Prompt Engineering Vs finetuning

Limitations of prompt engineering

Prompt engineering involves crafting specific input prompts to guide a language model's output. While it can be an effective way to improve model performance, there are some limitations due to number of examples in a prompt due to token size:

1. Token size: As you add more data examples to the prompt, the token size increases. Large Language Models have a maximum token limit, which can restrict the number of examples you can provide in a single prompt. For example, if you want to use a pre-trained language model to generate product descriptions, you may be limited by the maximum token limit when crafting your prompts.

2. Cost: With increased token size, the computational cost of processing the input also increases. This can lead to higher expenses when using cloud-based language models, as they often charge based on the number of tokens processed. For example, if you are using a cloud-based language model to generate responses to customer inquiries, the cost may increase as you add more examples to your prompts.

3. Latency: As the token size and computational cost increase, the latency of the model also increases. This means that it may take longer for the model to generate a response, which can be problematic in real-time applications such as chatbots or voice assistants. Additionally, if the model is being used in a time-sensitive application, such as stock trading, the increased latency can lead to missed opportunities or incorrect decisions.
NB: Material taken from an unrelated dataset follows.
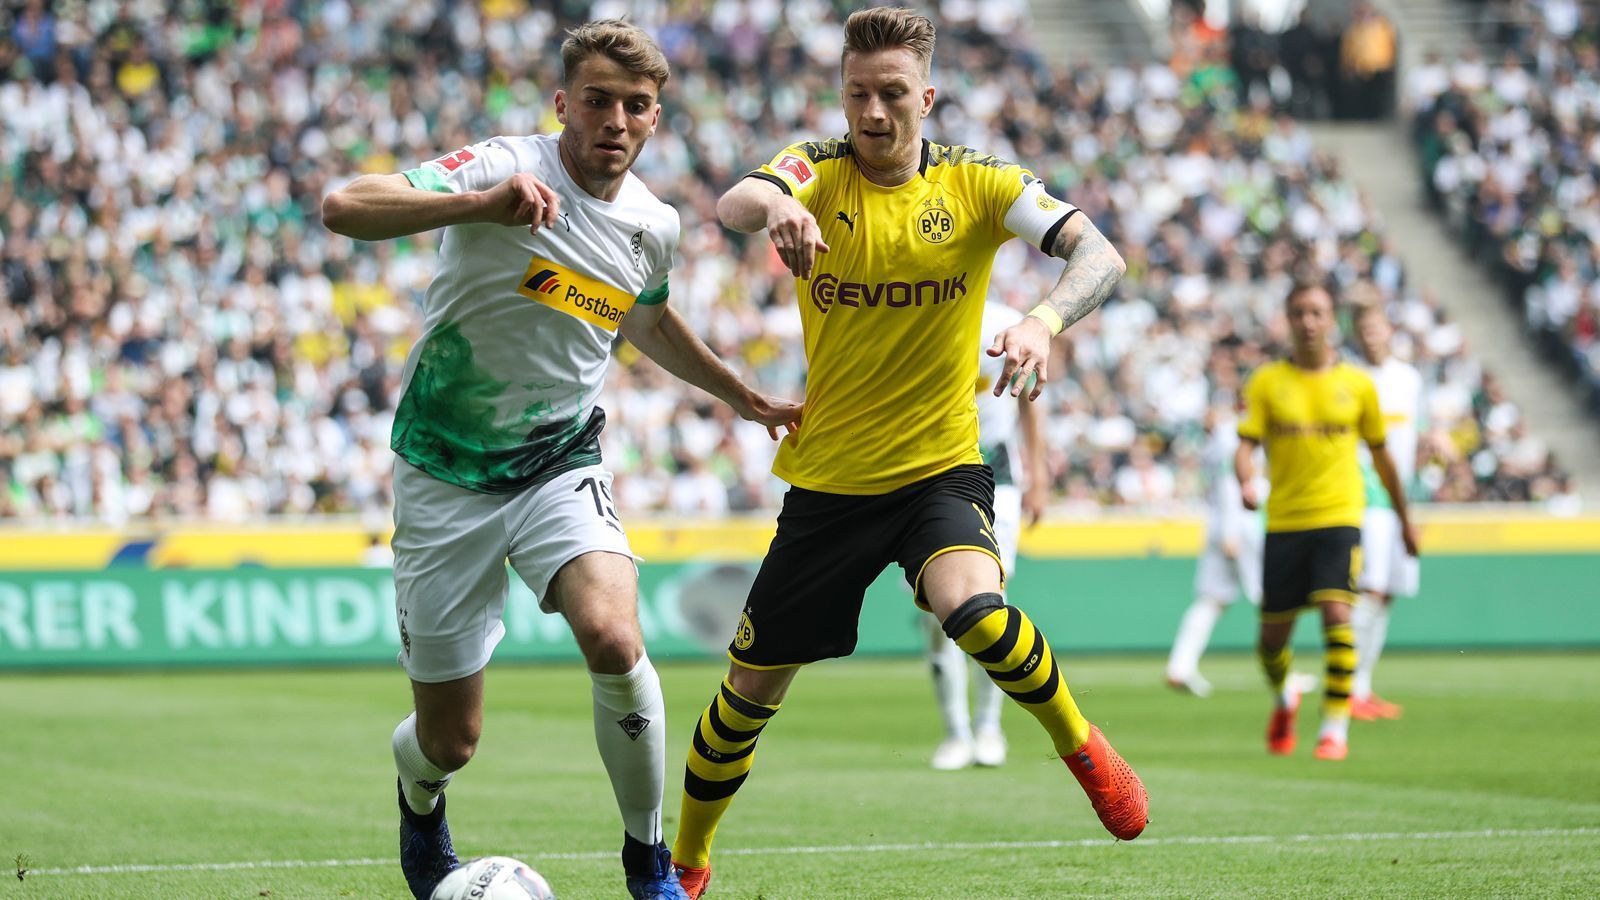 
                <strong>8. Spieltag</strong><br>
                Am 34. Spieltag der Saison 2018/19 gastierte Borussia Dortmund in Mönchengladbach und hoffte durch einen Sieg und Schützenhilfe noch auf den Meistertitel - letztlich vergebens. Am 8. Spieltag der Saison 2019/20 (18.-20. Oktober) treffen die beiden Borussias wieder aufeinander, dieses Mal allerdings in Dortmund - definitiv das Spitzenspiel dieses Spieltages.

4. Overfitting: Prompt engineering can also lead to overfitting, where the model becomes too specialized to the specific prompts provided and may not generalize well to new data. This can be mitigated by using a diverse set of prompts and regularly updating them, but it is still a potential limitation to consider.

5. Human bias: The prompts provided by humans may contain biases that are inadvertently incorporated into the model's output. For example, if the prompts are written by a team with a specific cultural or linguistic background, the model may generate biased or inaccurate responses for users from different backgrounds. This can be addressed by using diverse prompts and incorporating bias detection and mitigation techniques into the model training process.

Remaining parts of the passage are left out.